-- Your goal --
The lines from the one containing "asbestos fiber" through the last one in the data: please copy those exactly, and only those, without the pictures.

-- Information provided --
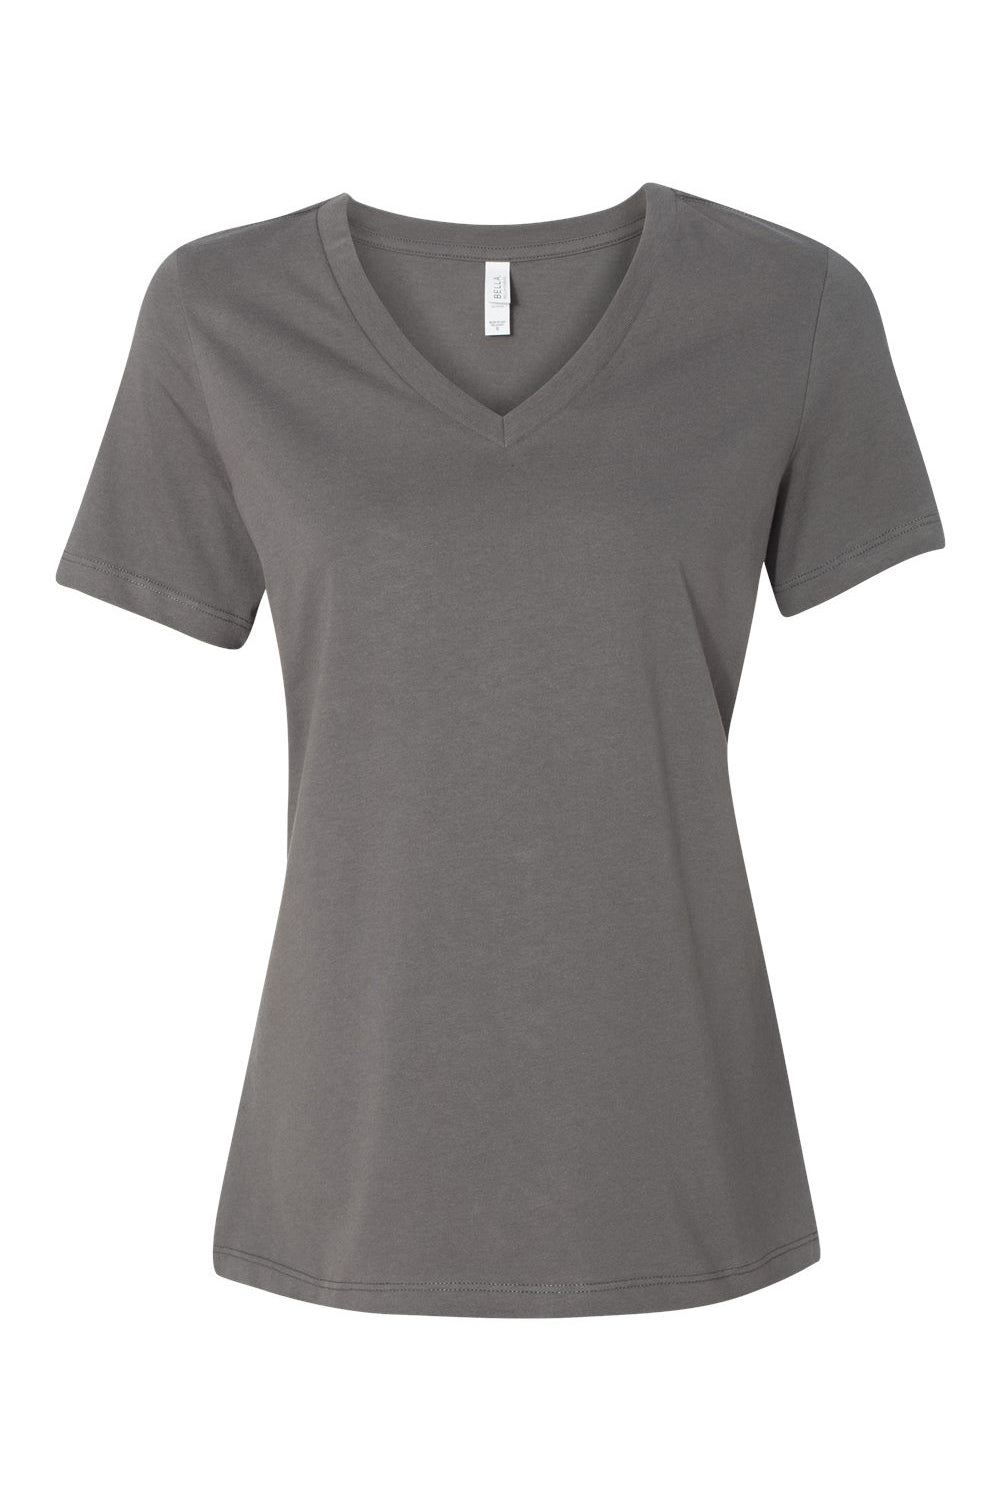 Bella + Canvas BC6405/6405 Womens Relaxed Jersey Short Sleeve V-Neck T-Shirt Asphalt Grey Flat Front
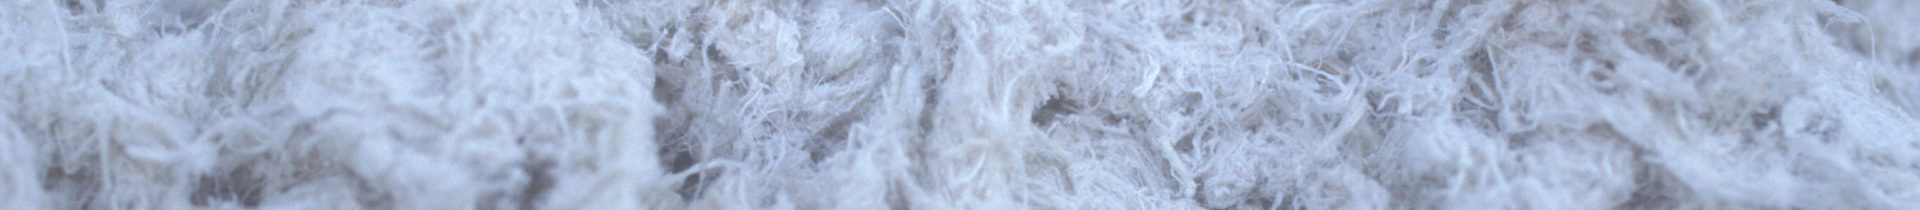 asbestos fiber
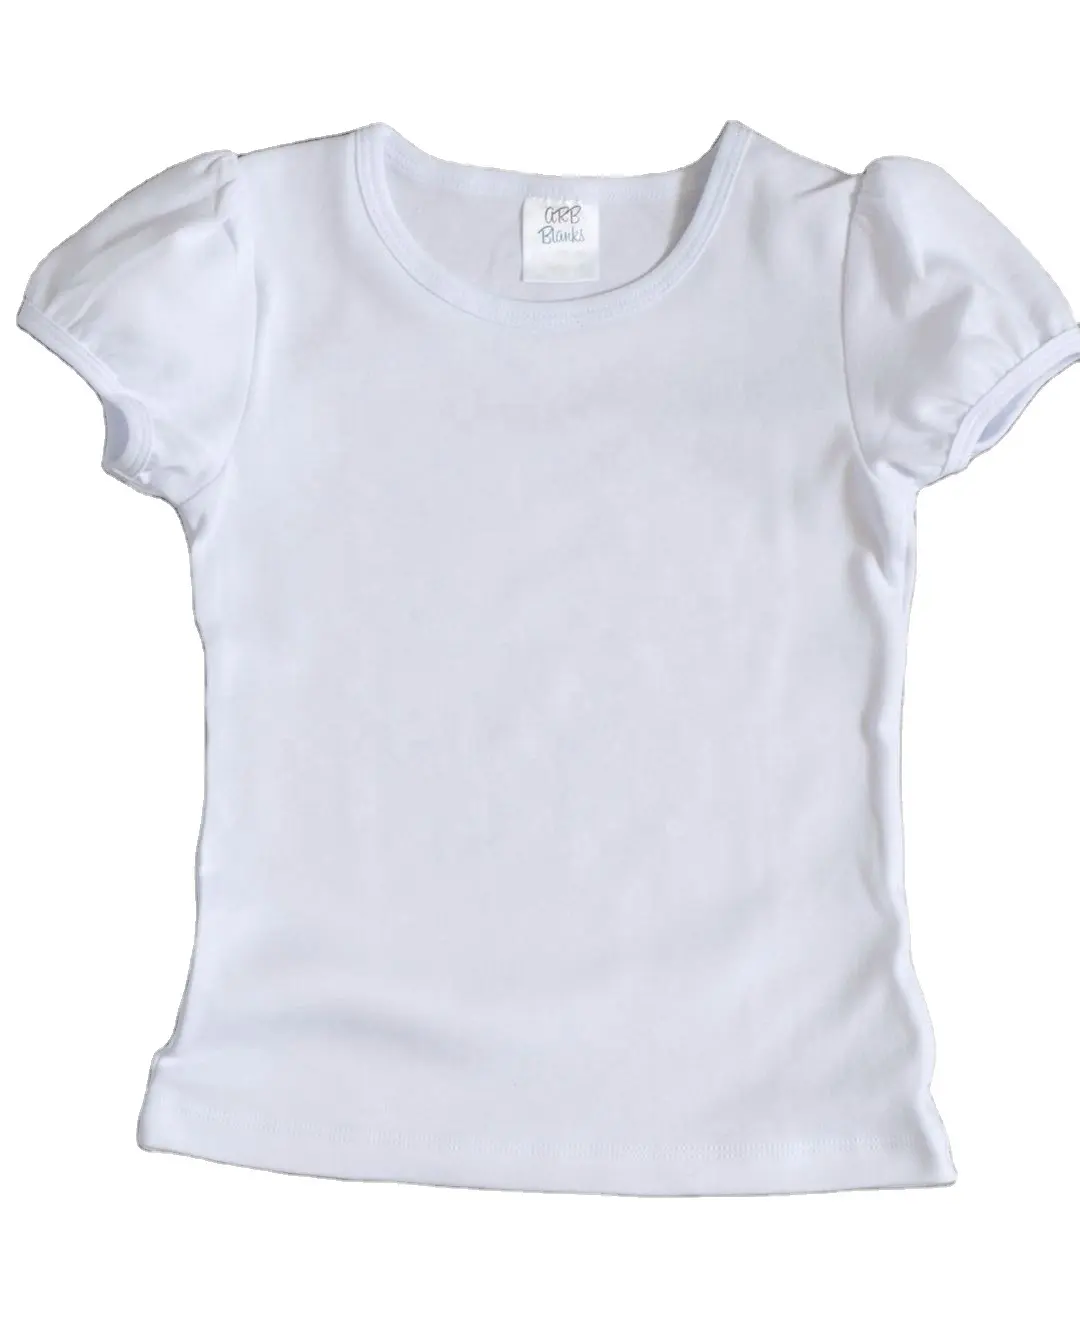 Baby kleidung, Baby Girls Puff Short Sleeve Kids T-Shirt Ruffle, großhandel baby kurzarm top
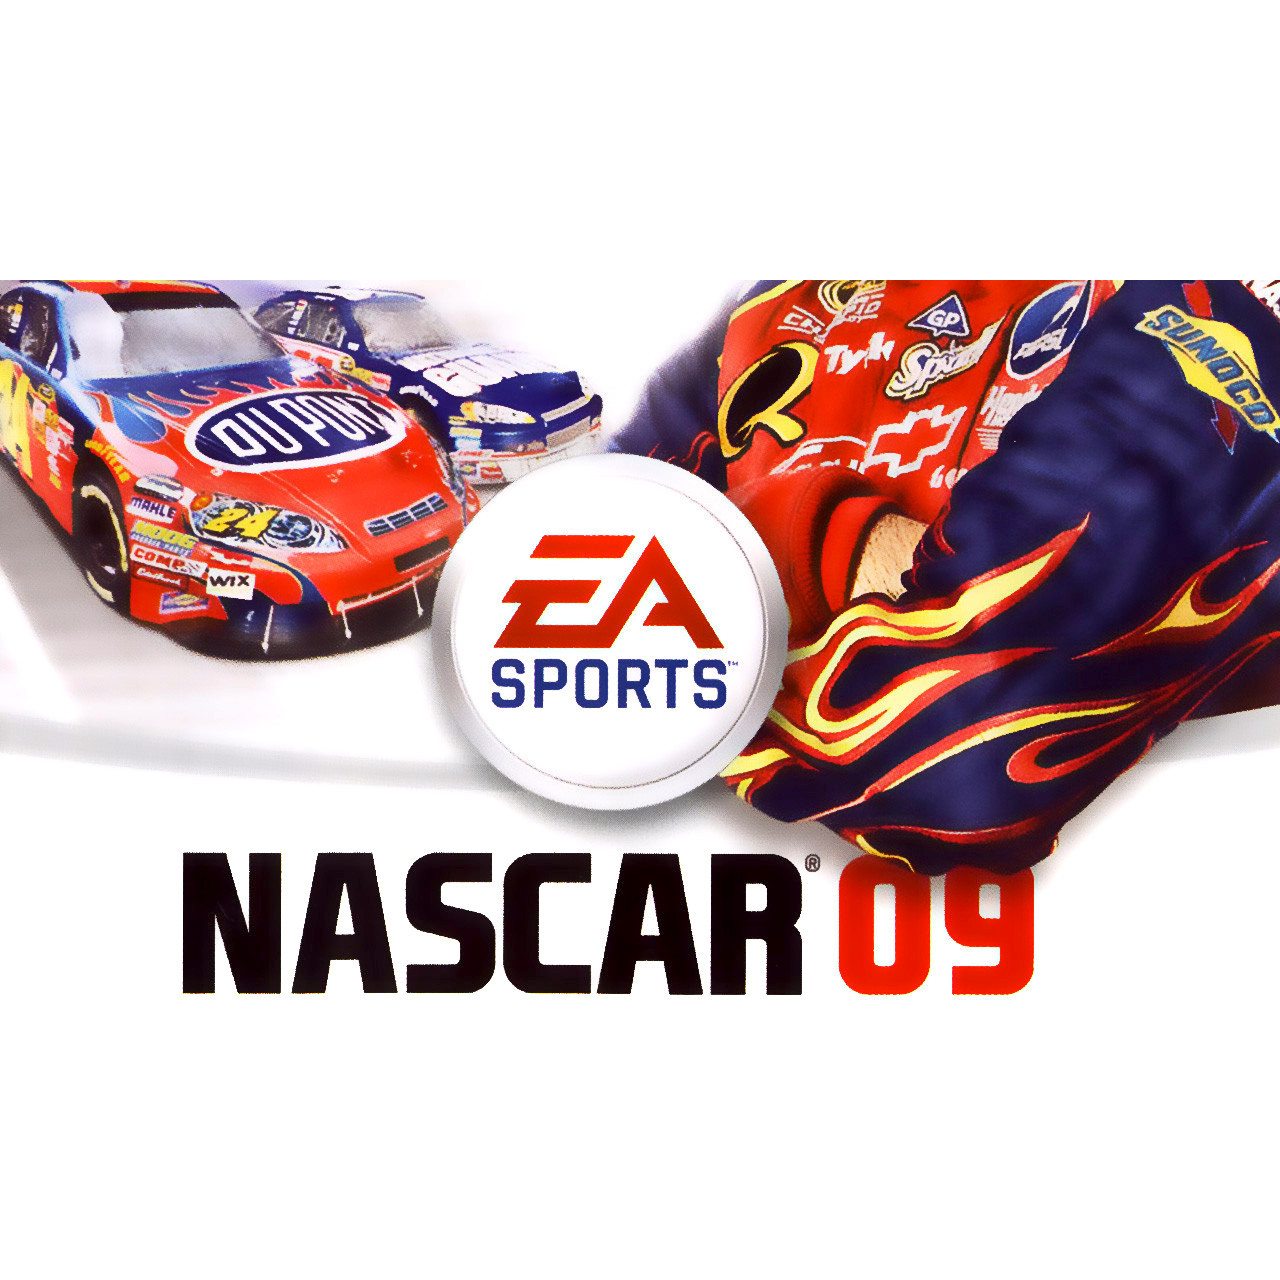 NASCAR 09 Sony PlayStation 2 Game

-- Solution below --
 asbestos fiber
 Baby kleidung, Baby Girls Puff Short Sleeve Kids T-Shirt Ruffle, großhandel baby kurzarm top
 NASCAR 09 Sony PlayStation 2 Game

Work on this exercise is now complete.